Posted on 02/26/2008 3:41:14 AM PST by Shirerwasright

WASHINGTON (AP) -- Sales of existing homes fell for the sixth straight month in January, dropping to the slowest sales pace on record. Median home prices were also down and many analysts predicted further price declines in the months ahead given high levels of unsold homes.

The National Association of Realtors said Monday that sales of single-family homes and condominiums dropped by 0.4 percent last month to a seasonally adjusted annual rate of 4.89 million units. That was the slowest sales pace, going back to 1999, and was seen as evidence that the steepest slump in housing in a quarter-century has yet to hit bottom.

The median price of a home sold in January slid to $201,100, a drop of 4.6 percent from a year ago. Particularly alarming, analysts said, was the fact that the inventory of unsold homes jumped to a 10.3 months' supply, meaning it would take that long to sell the 4.19 million homes on the market at the January sales pace.

That was up from 9.7 months in December and just below a two-decade high of 10.5 months hit in October. During the peak of the housing boom in 2005, the supply of homes relative to sales stood at 4.5 months.

"With sales weak and inventories at extraordinarily high levels, prices are likely to fall a lot more," said Joel Naroff, chief economist at Naroff Economic Advisors. "Eventually, sellers will end their denial and realize that if they want to unload their homes, they will have to cut prices even more."

Analysts said one of the problems was a rising tide of mortgage foreclosures, which is pushing even more unsold homes back on the already glutted market.

Wall Street put aside worries about the weak housing market to stage a strong rally on Monday based on encouraging signs that troubled bond insurers will successfully emerge from the credit market crisis. The Dow Jones industrial average surged by 189.20 points to close at 12,570.22.

Sales of existing homes fell by 12.7 percent in 2007, the biggest decline in 25 years, and are down 20 percent from their all-time high set in 2005, the final year of a five-year housing boom that saw sales and prices soar to record levels. Over the past two years, housing has been in a steep downturn made worse by a severe credit crunch as financial institutions tightened their lending standards in reaction to their multibillion-dollar losses on mortgages that have gone into default.

"With prices expected to continue dropping and banks leery to make loans, few prospective homeowners feel now is the time to buy," said Michael Gregory, an economist at BMO Capital Markets.

Some analysts saw it as an encouraging sign that sales of single-family homes actually posted a modest increase, but the overall number was dragged down by a continued sharp decline in sales of condominiums.

Patrick Newport, an economist at Global Insight, said condo prices rose more sharply than single-family home prices from 2000 to 2006 but have fallen less in the current downturn. He said buyers are likely to remain leery until condo prices drop more.

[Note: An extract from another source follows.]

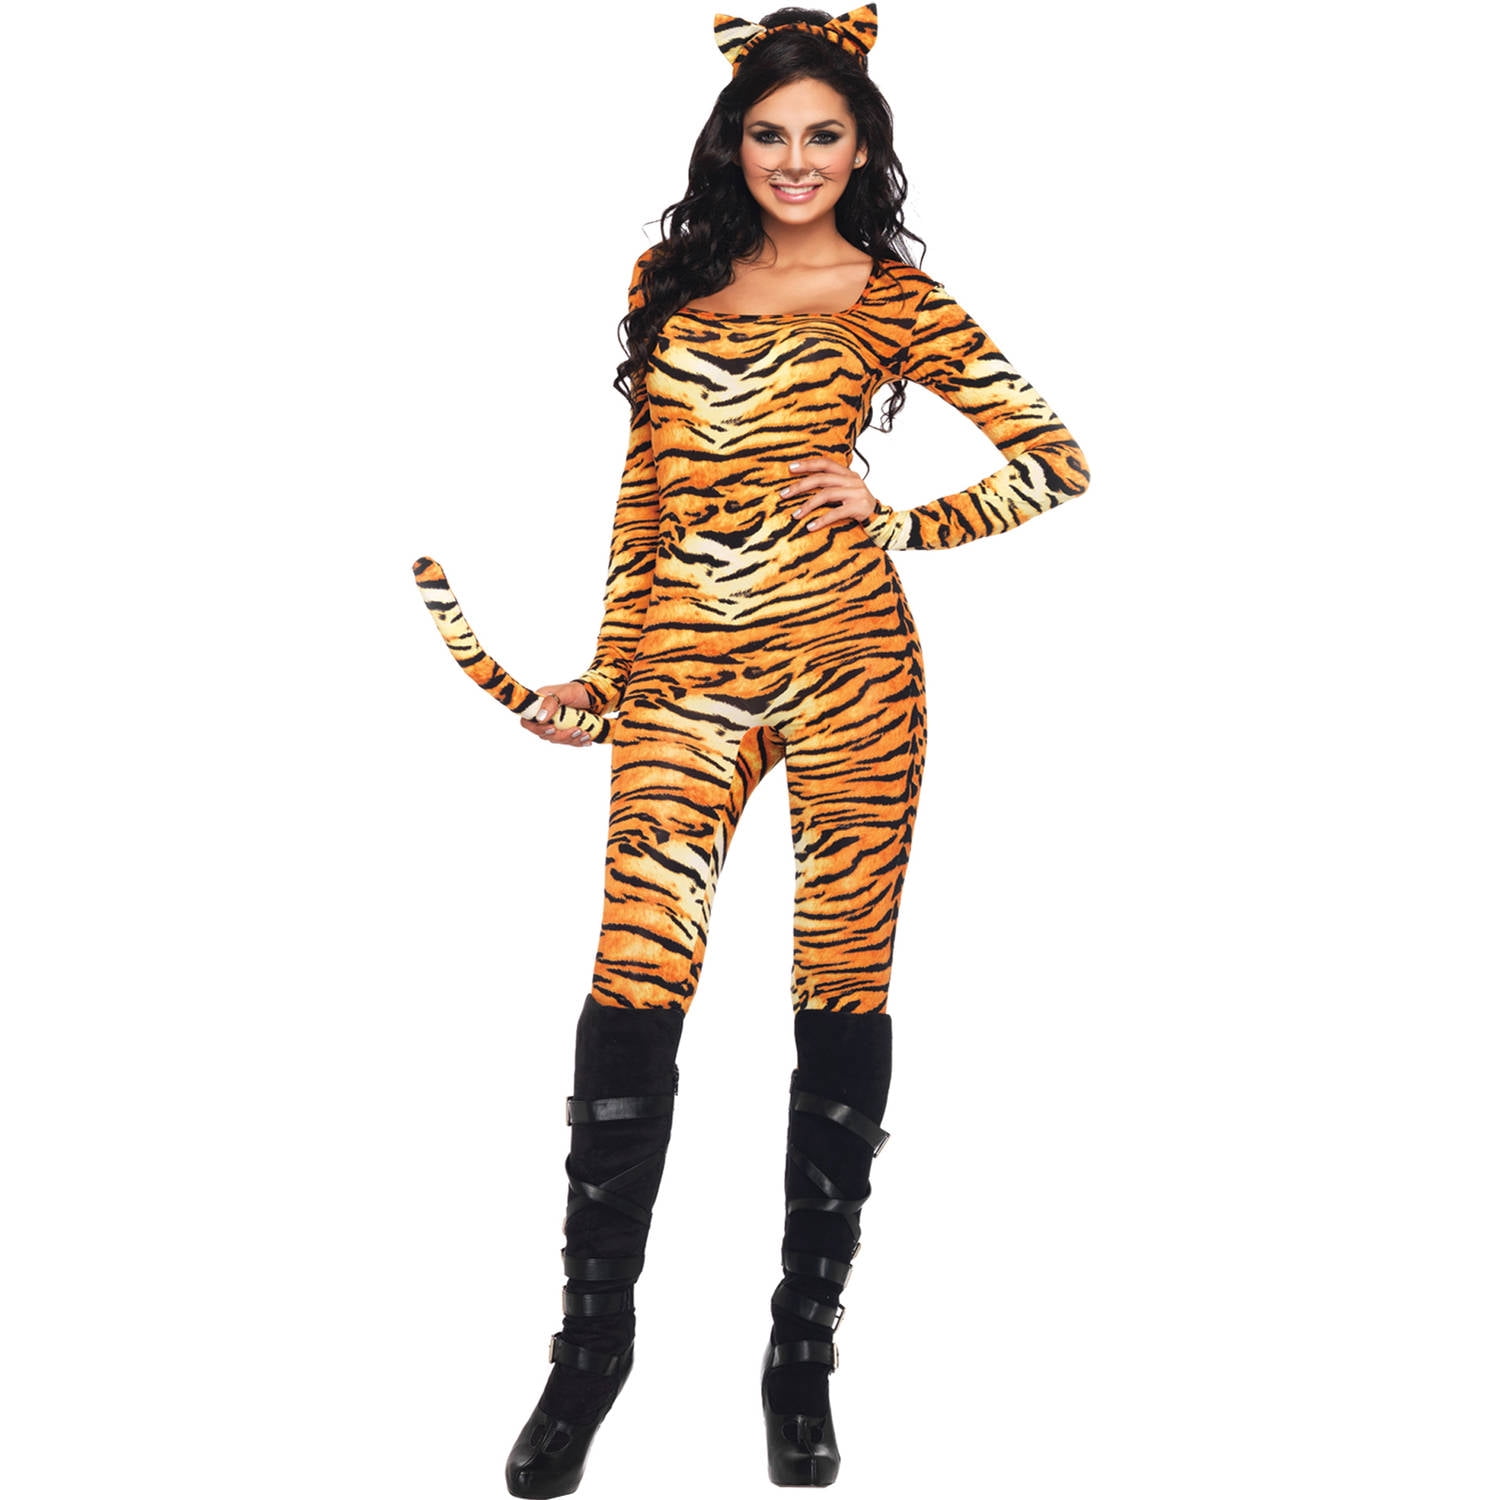 Leg Avenue Women's Wild Tiger Sexy Catsuit Costume - Walmart.com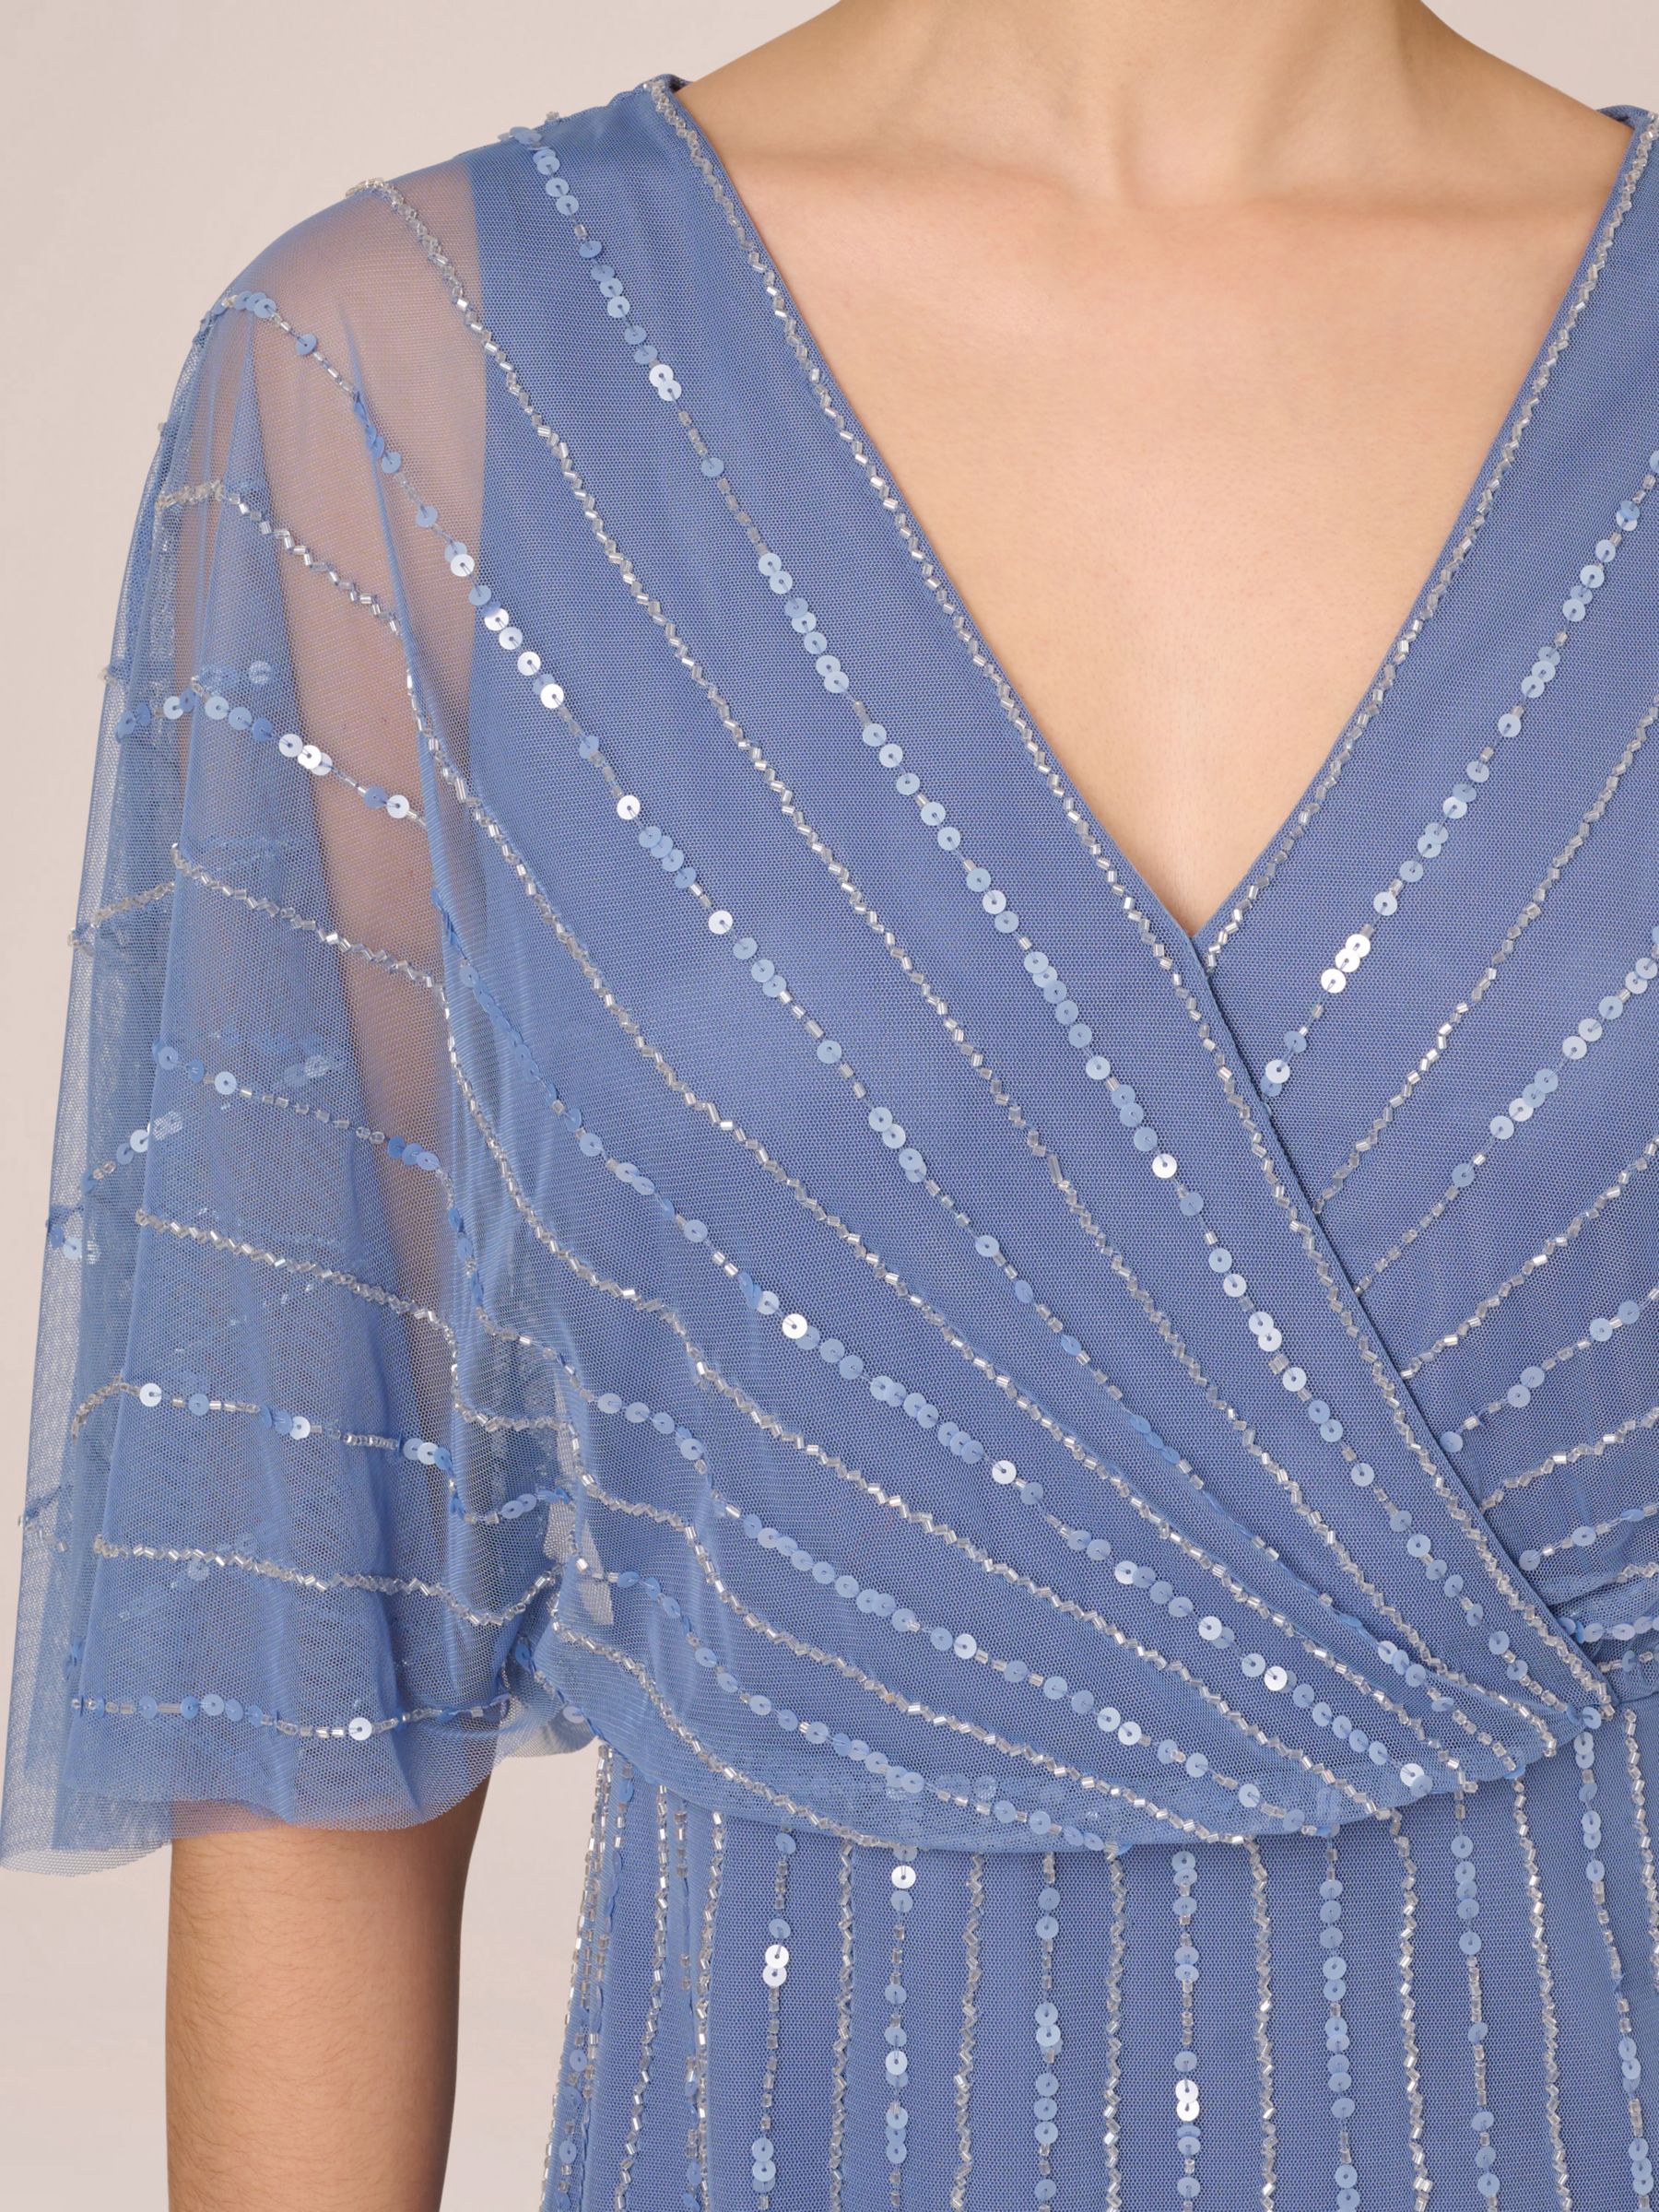 Papell Studio Beaded Mini Dress, French Blue, 6

Sen. Charles Schumer, D-N.Y., said the further bad news on existing home sales should be a wake-up call to Congress and the administration that more needs to be done to help the distressed housing market.

"The housing crisis has mushroomed in part due to Washington's inaction," he said. "Declining home values cut to the very heart of families' sense of financial security and our economy's overall health."

Sales were weak in all parts of the country in January except the Midwest, where sales posted an increase of 3.4 percent. Sales dropped by 3.6 percent in the Northeast, 2.1 percent in the West and 0.5 percent in the South.

Lawrence Yun, chief economist for the Realtors, said he believed the housing market may be on the verge of bottoming out, with a rebound expected to start toward the end of this year. He said he expected demand to be bolstered in coming months by the housing sections of the $168 billion economic stimulus bill passed earlier this month. Those provisions raise the caps on the size of loans that can be backed by Fannie Mae and Freddie Mac and the Federal Housing Administration, an increase expected to provide help in high-cost areas of the country such as California.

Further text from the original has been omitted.